[Data entries]
**********
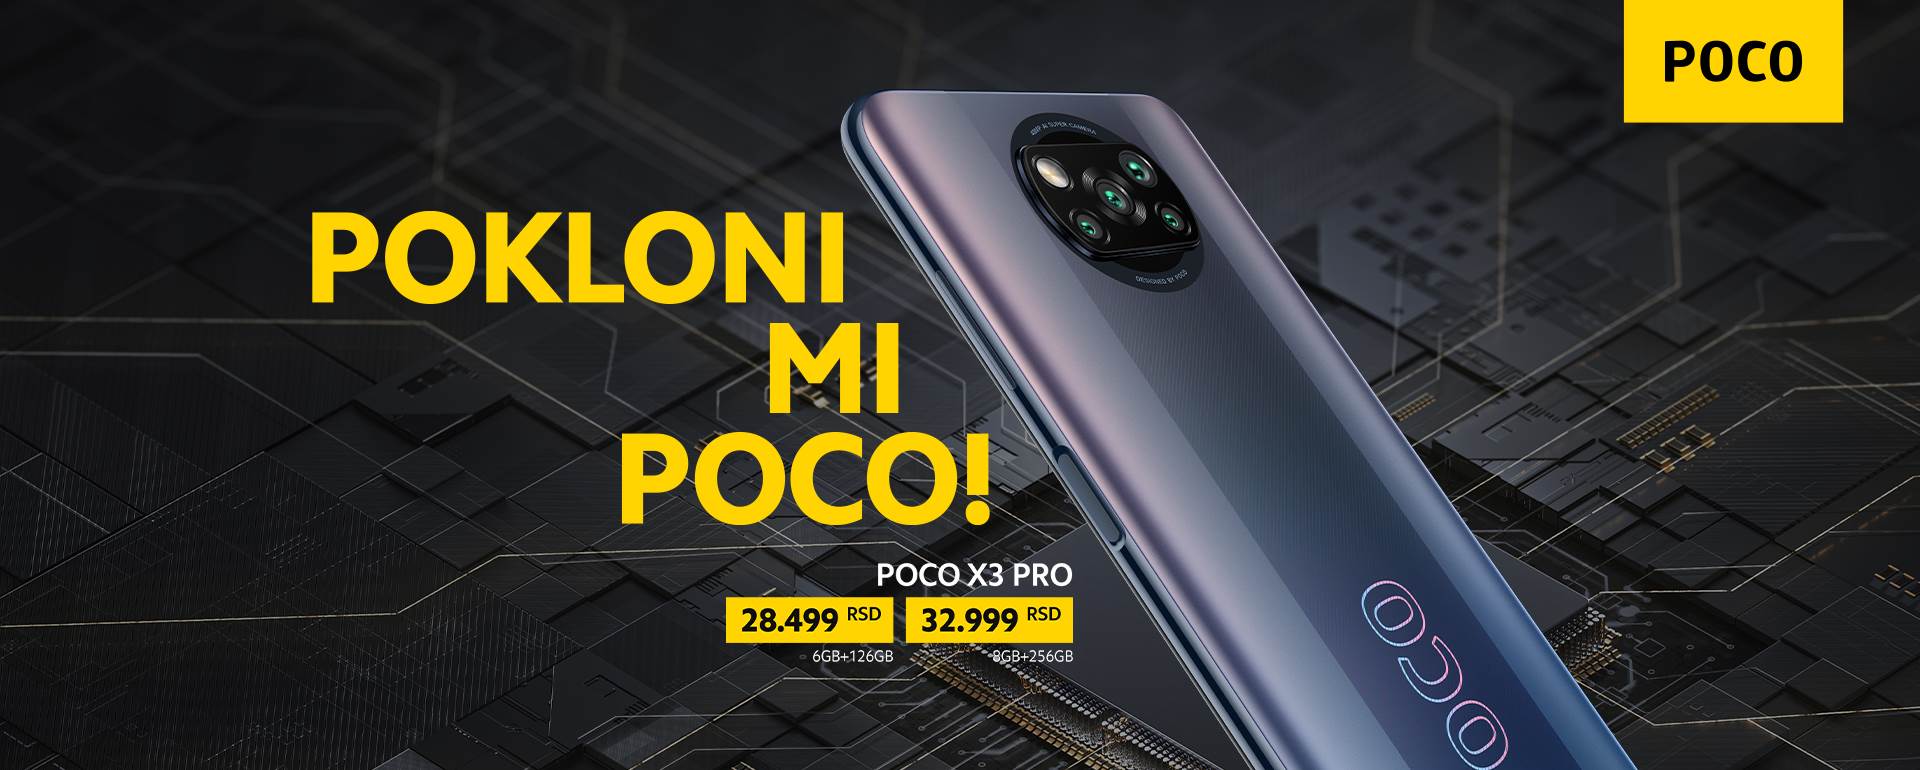 POCO X3 Pro promocija u Srbiji niža cena 
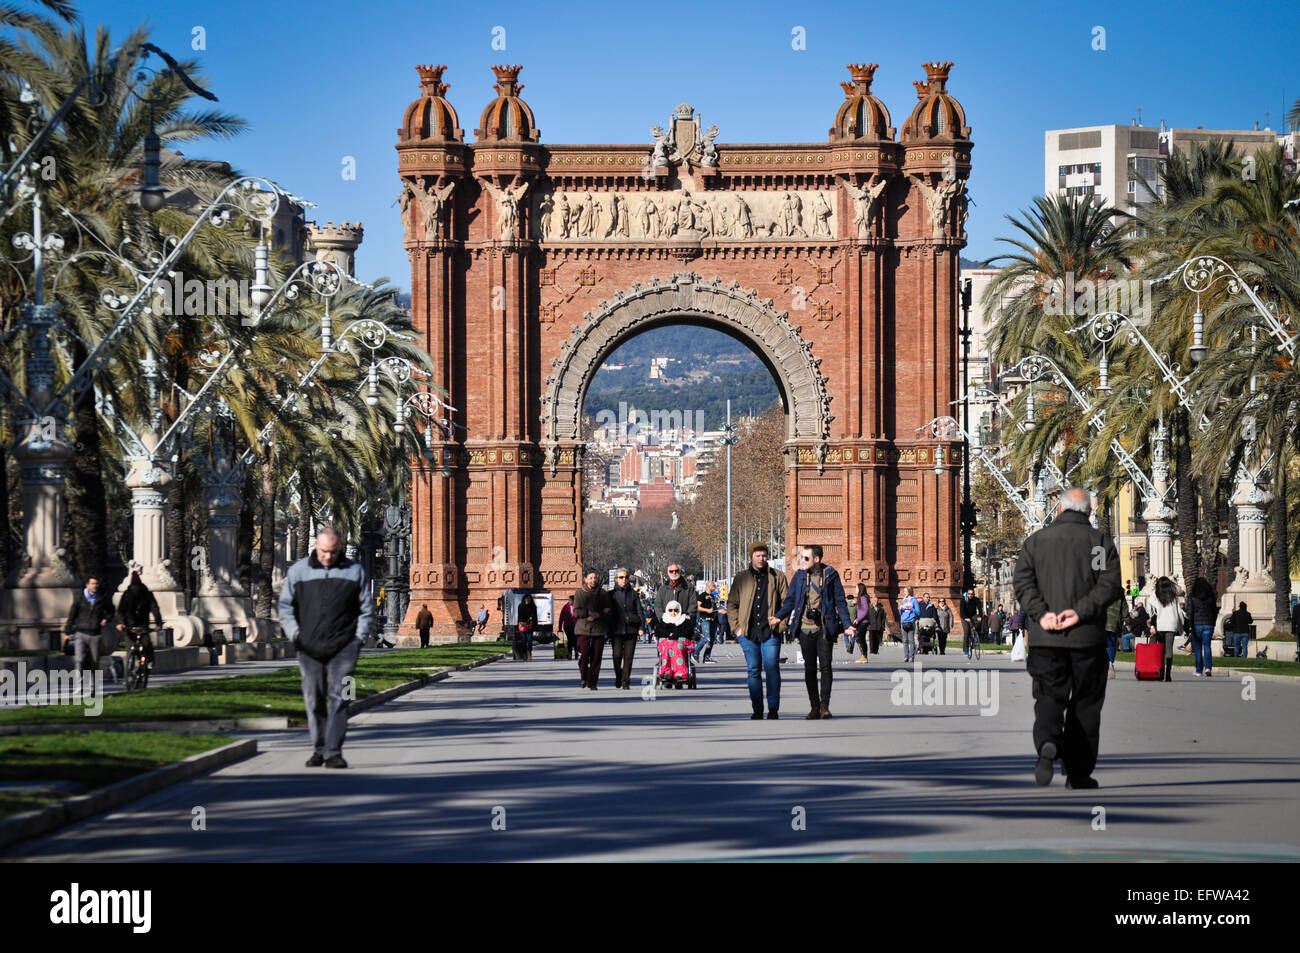 Barcelona Spain Citadel Park triumphal arch Stock Photo
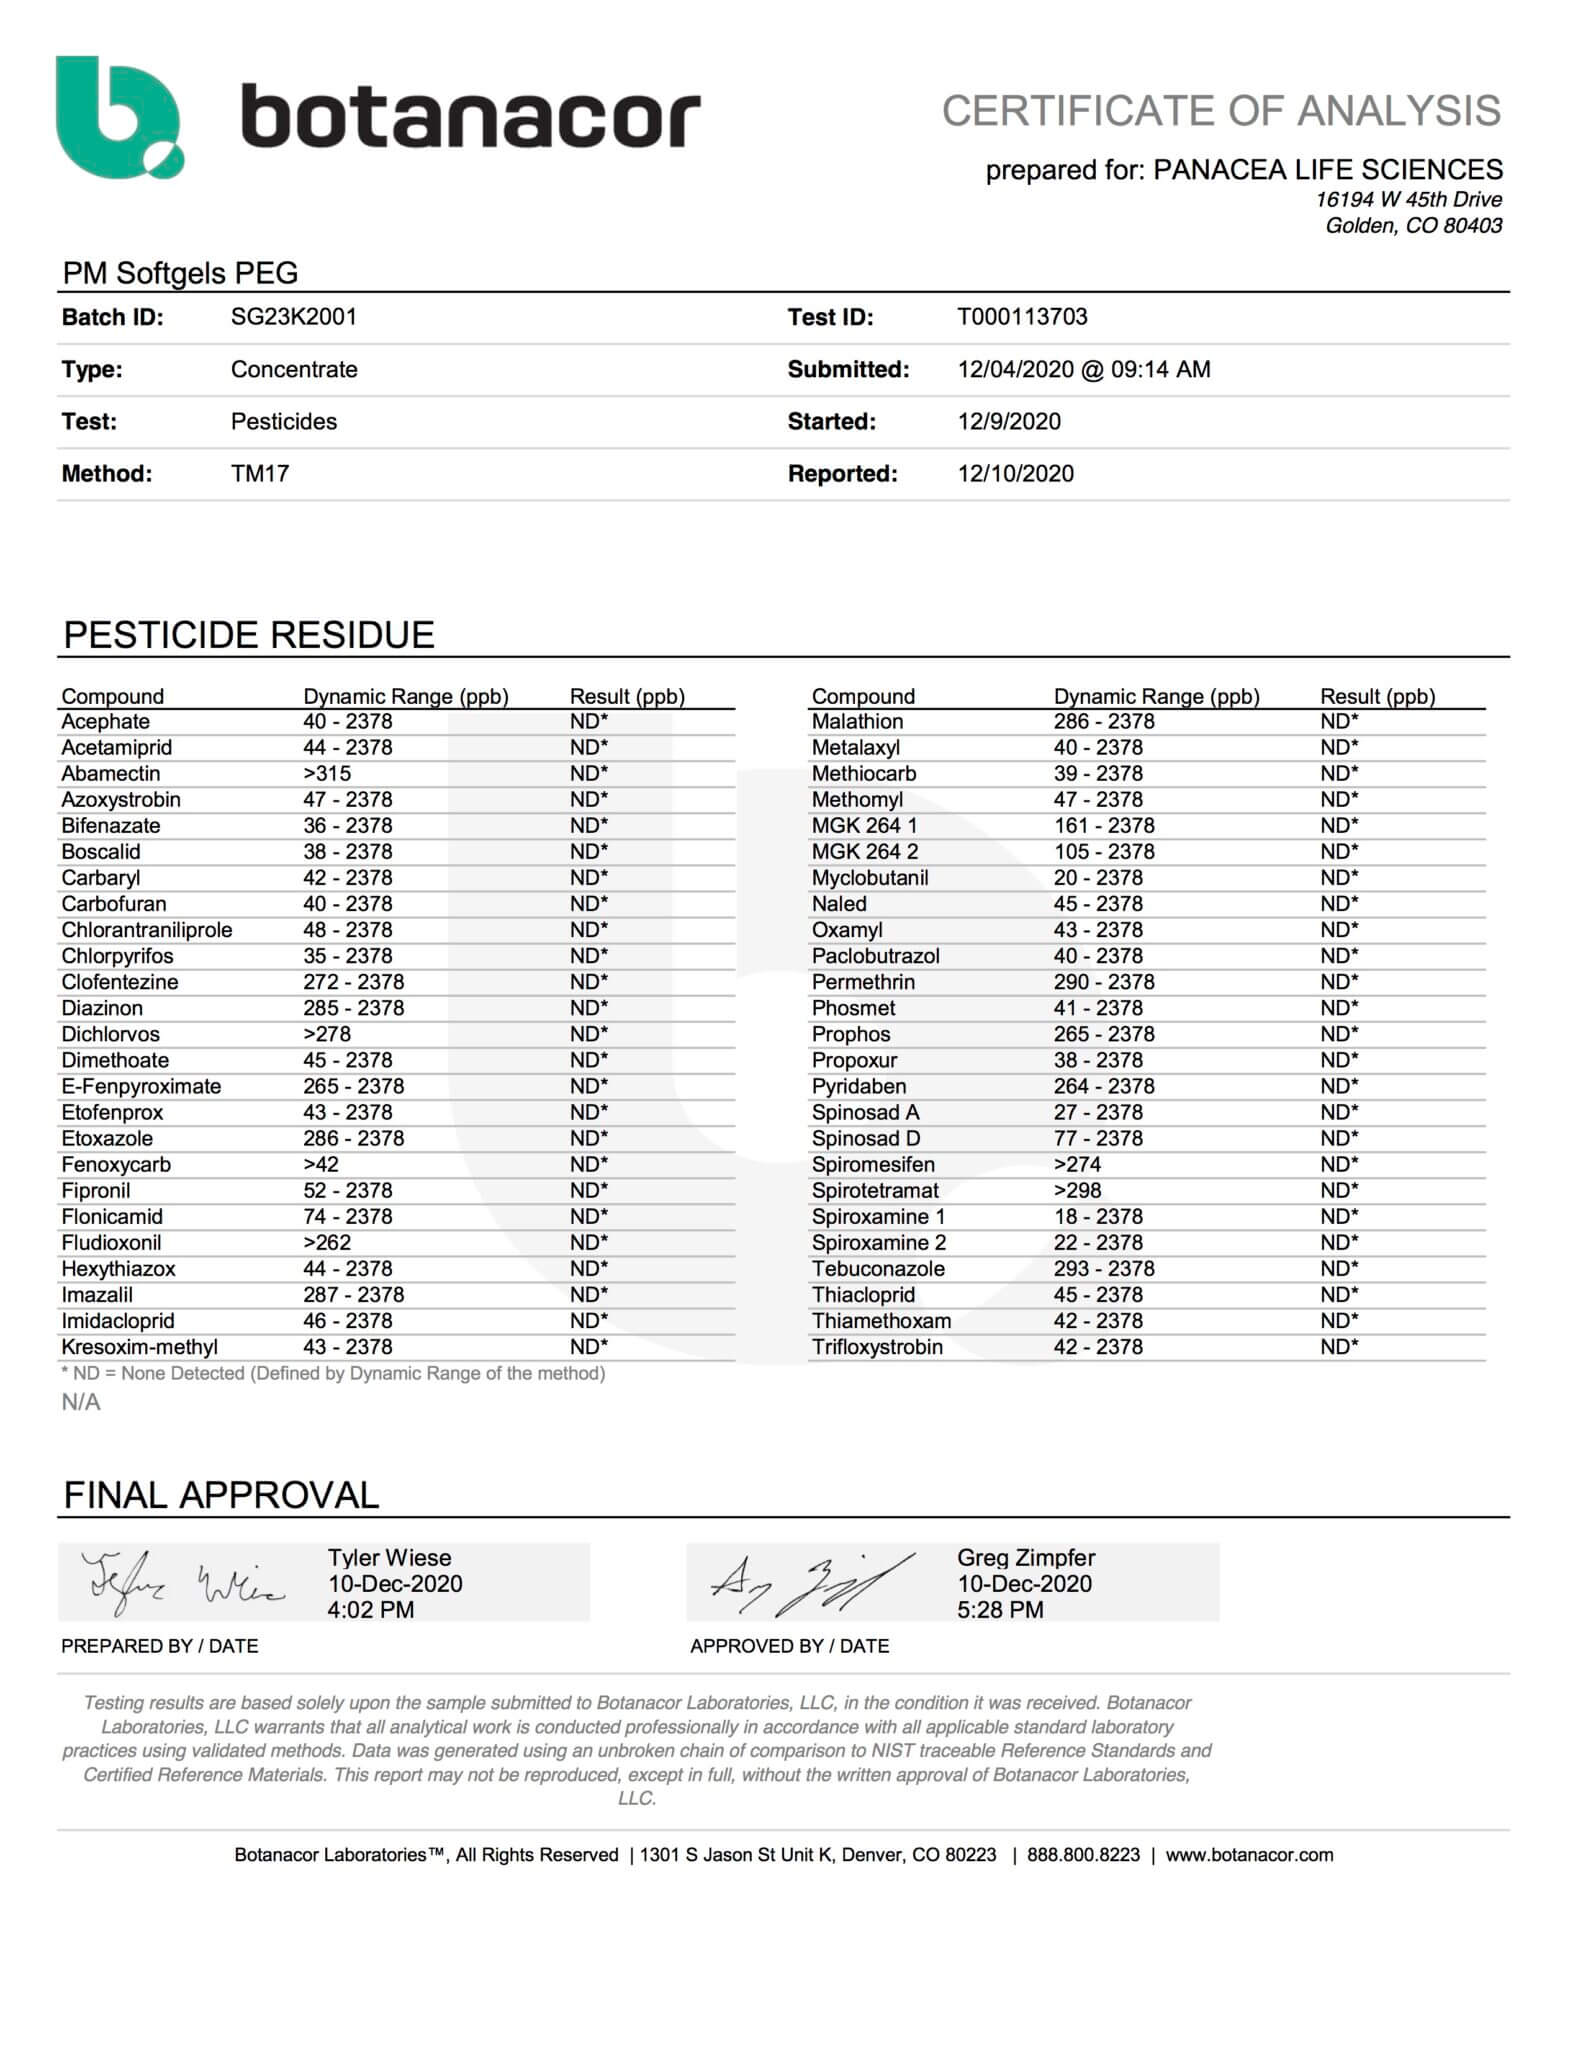 Panacea Test Results - Batch SG23K2001
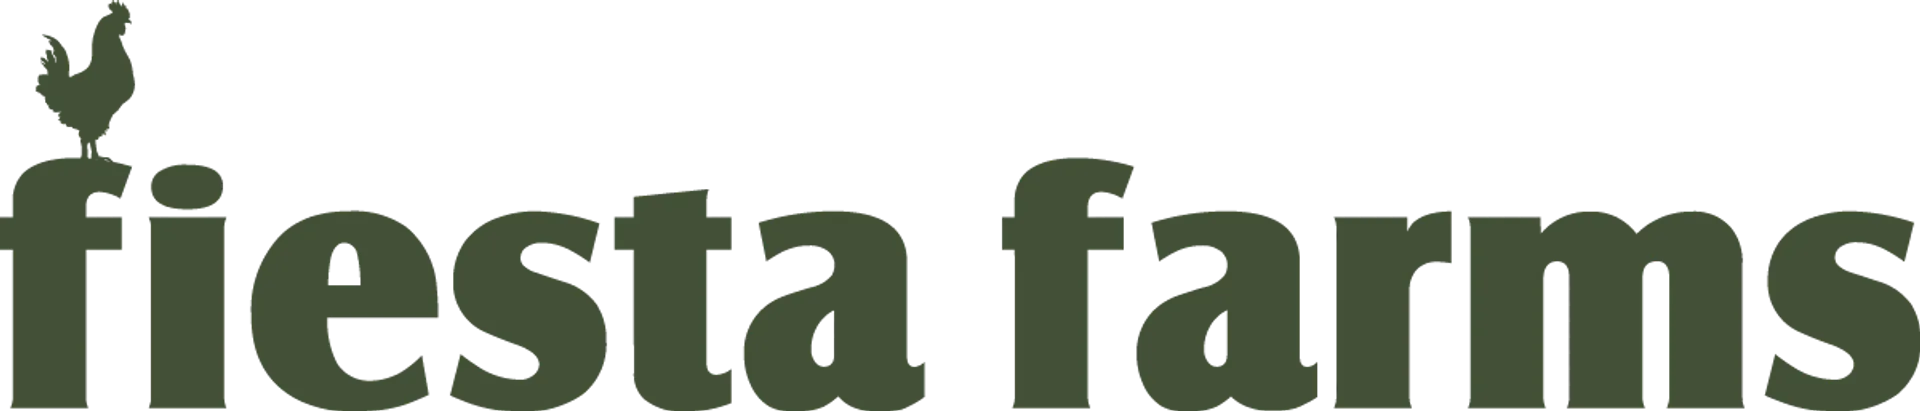 FIESTA FARMS logo
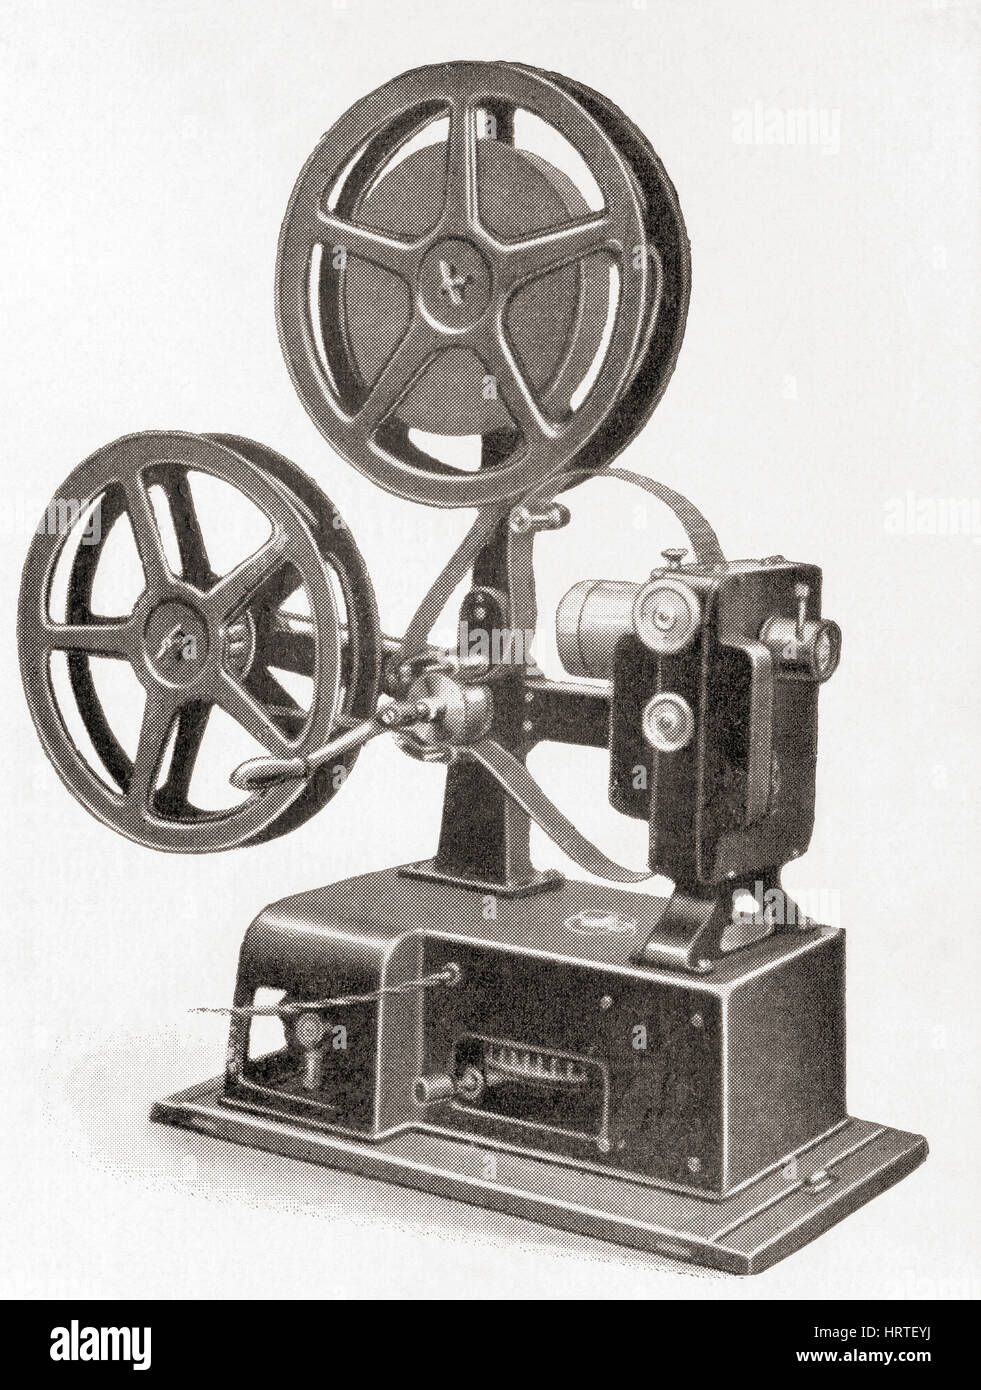 File:Filmprojektor mit Handkurbel,Heimprojektor für 35mm  Stummfilm.Malteserkreuzgetriebe.JPG - Wikipedia
**********
**What this task involves**
When you output the entries, keep each line exactly as it is and leave out any pictures.

**Exercise output**
 POCO X3 Pro promocija u Srbiji niža cena 
 Barcelona Spain Citadel Park triumphal arch Stock Photo
 Panacea Test Results - Batch SG23K2001
 FIESTA FARMS logo
 File:Filmprojektor mit Handkurbel,Heimprojektor für 35mm  Stummfilm.Malteserkreuzgetriebe.JPG - Wikipedia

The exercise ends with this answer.